● Supplied material
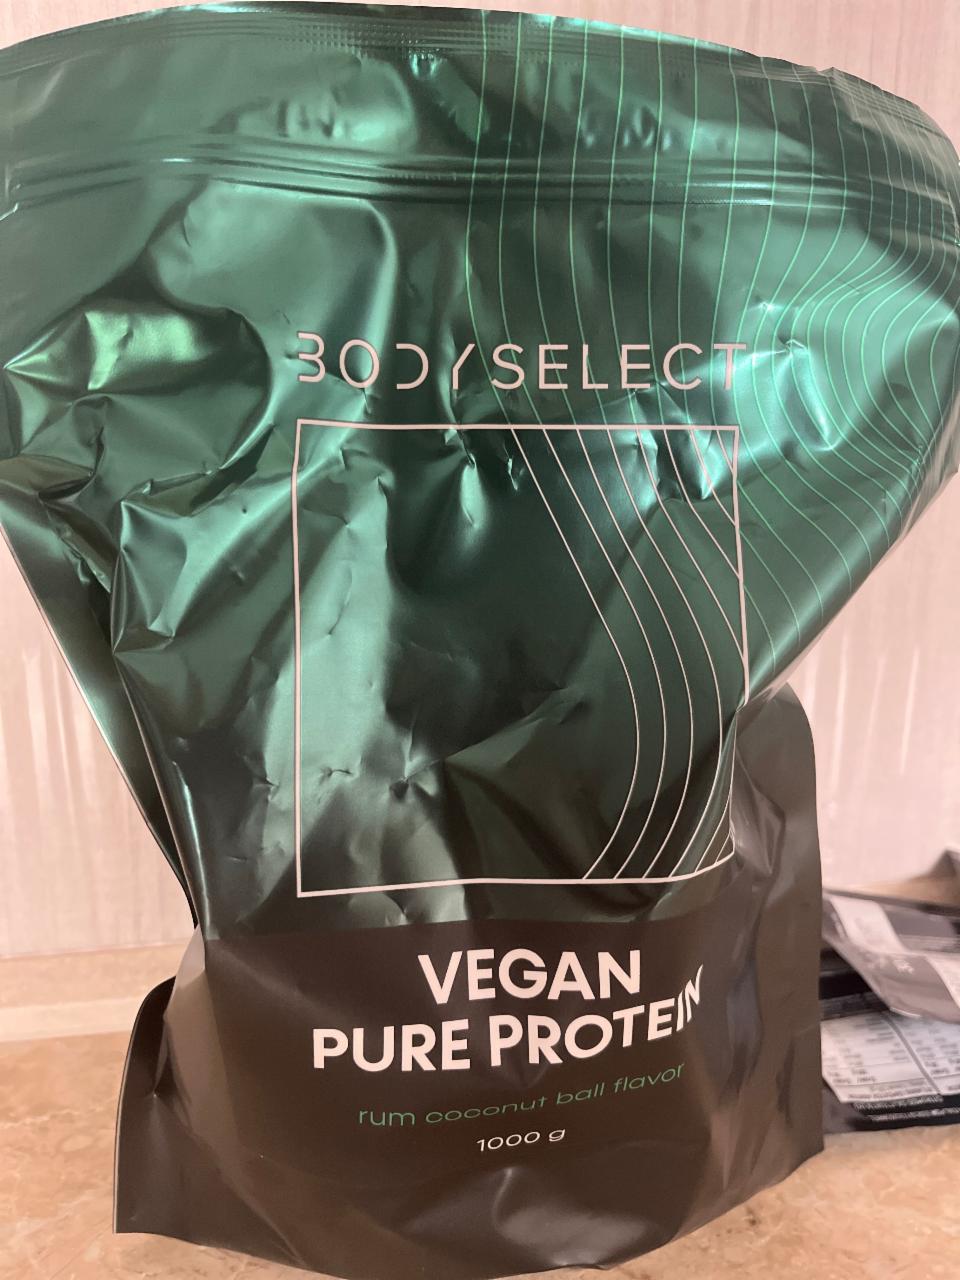 Képek - Vegan protein rum coconut ball flavour Body select
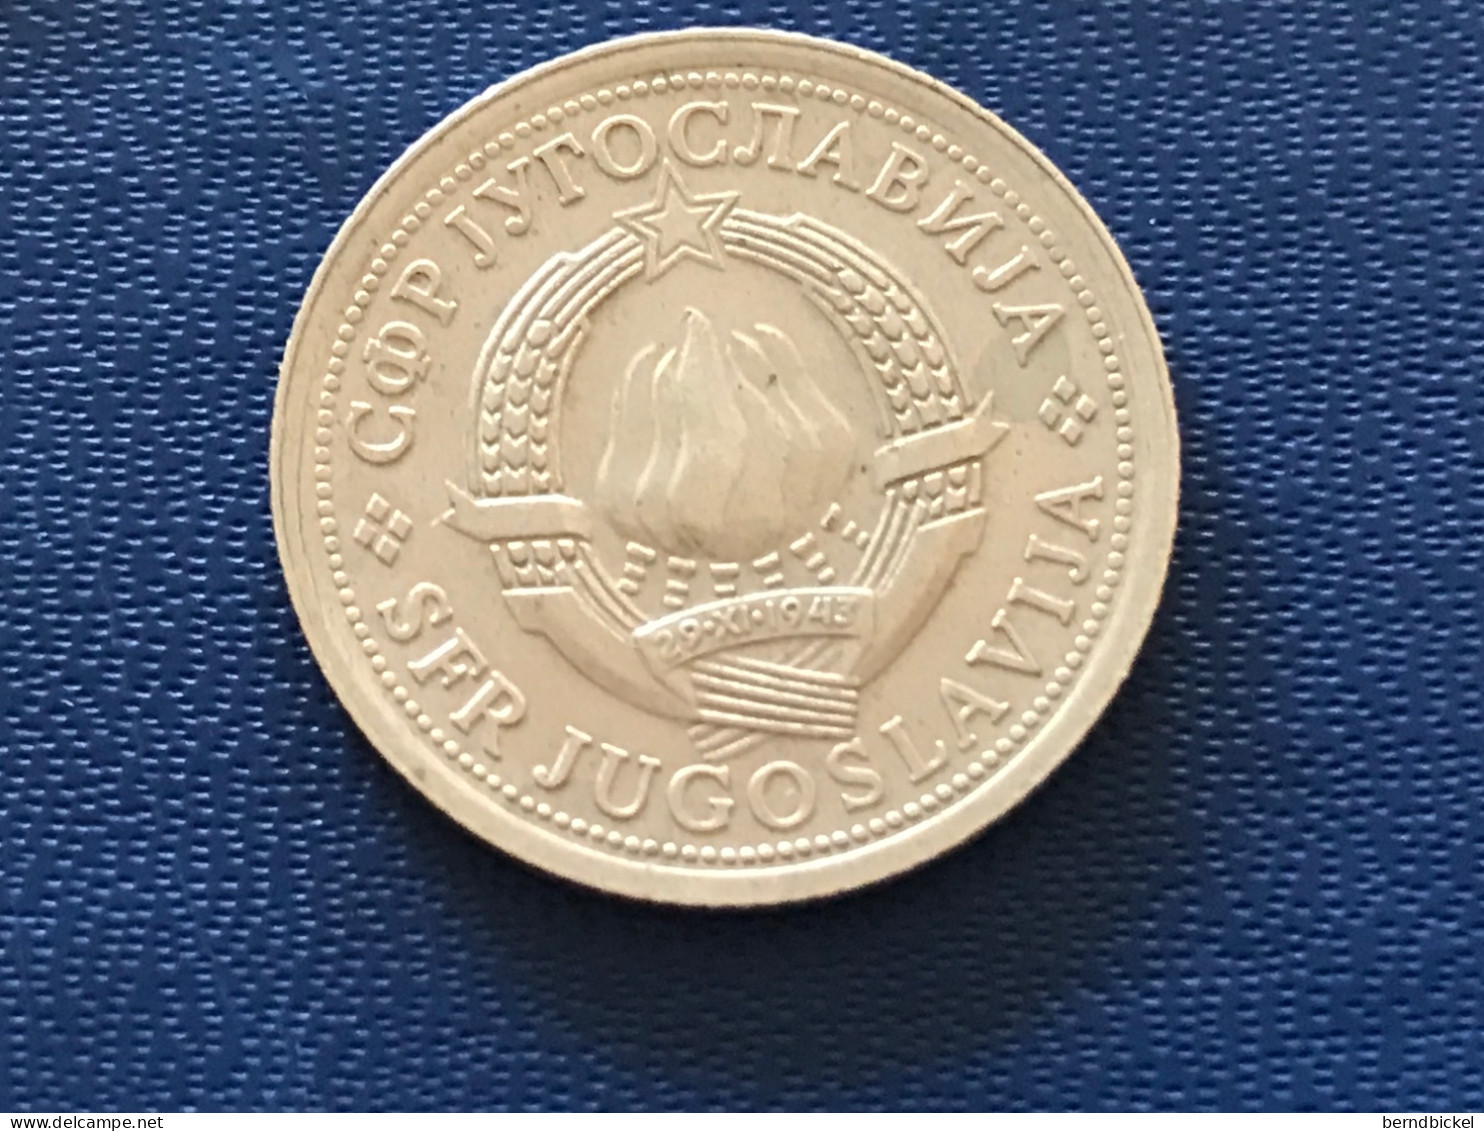 Münze Münzen Umlaufmünze Jugoslawien 1 Dinar 1976 - Yougoslavie
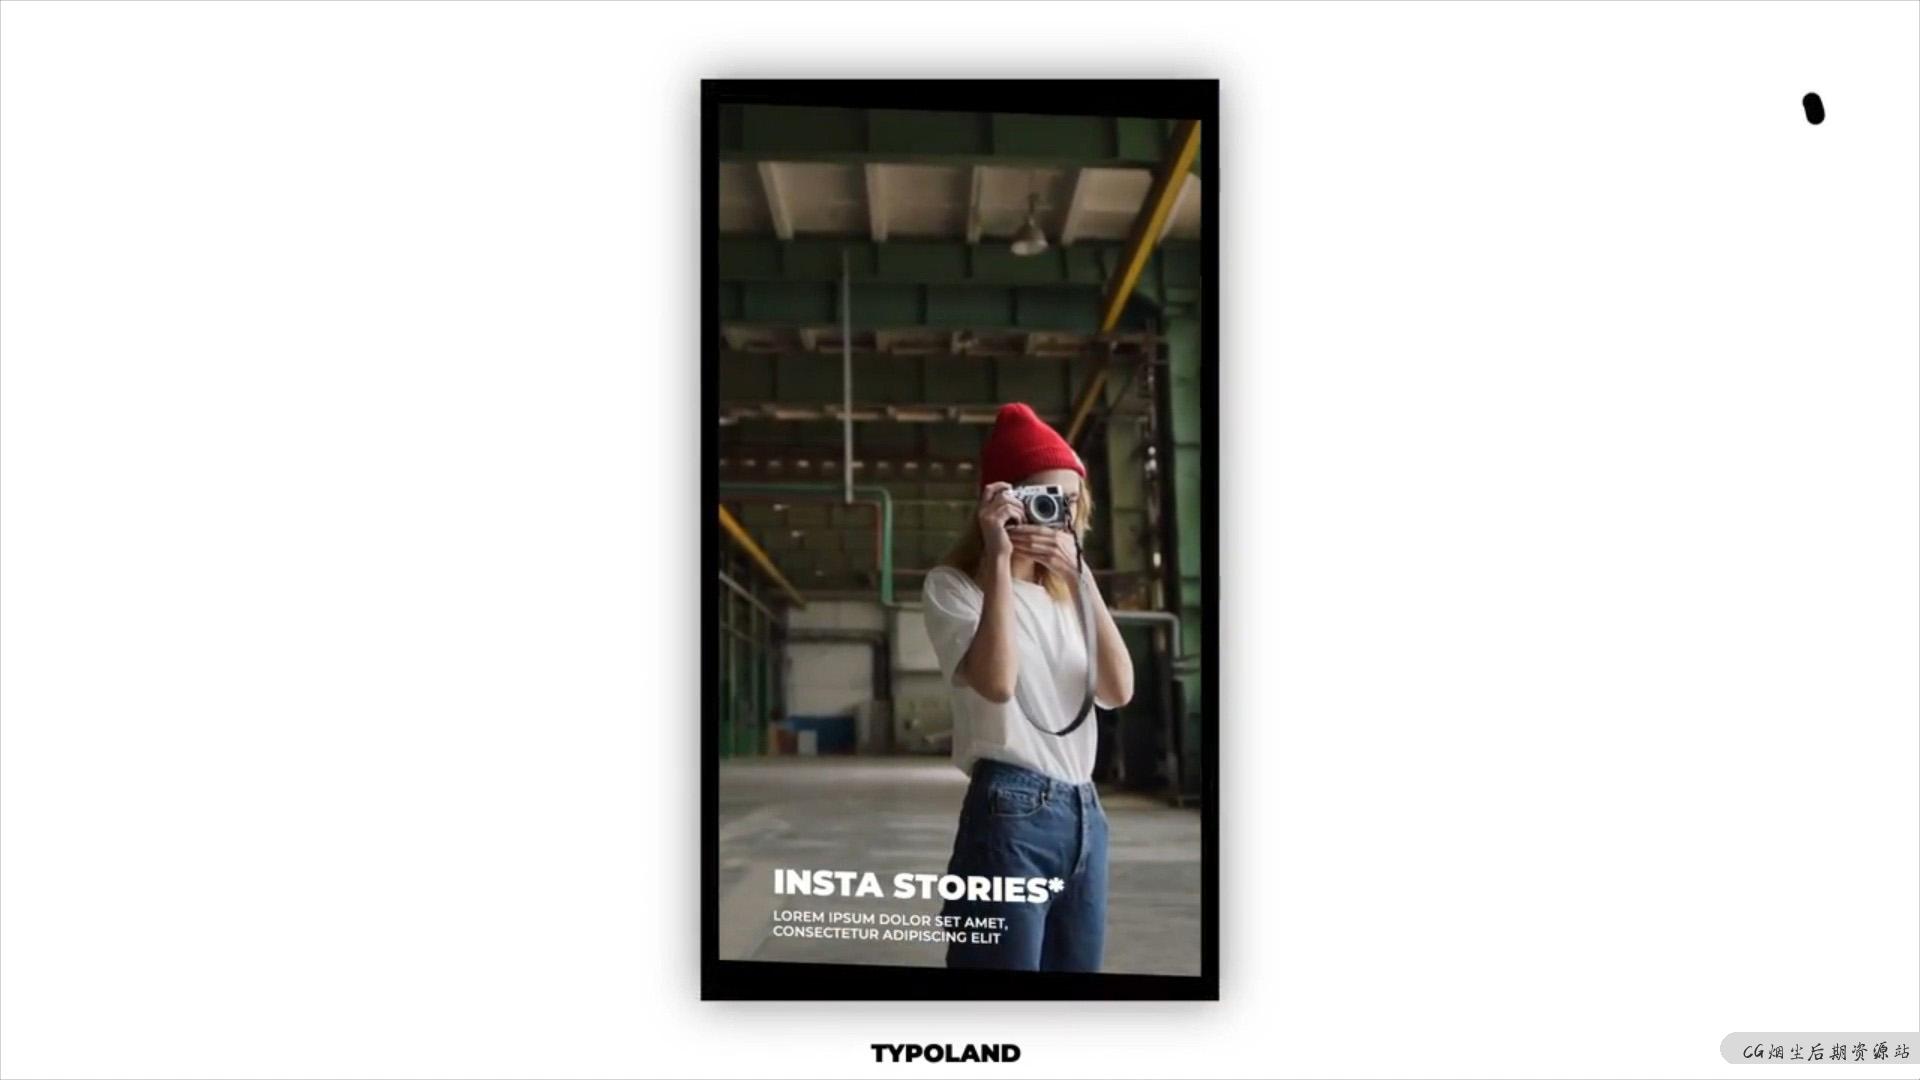 fcpx竖屏模板 6组时尚现代手机短视频片头模板 Instagram Stories

● Work task
The response must restate each line of the material above exactly and contain no images.

● Task result
 Képek - Vegan protein rum coconut ball flavour Body select
 Münze Münzen Umlaufmünze Jugoslawien 1 Dinar 1976 - Yougoslavie
 fcpx竖屏模板 6组时尚现代手机短视频片头模板 Instagram Stories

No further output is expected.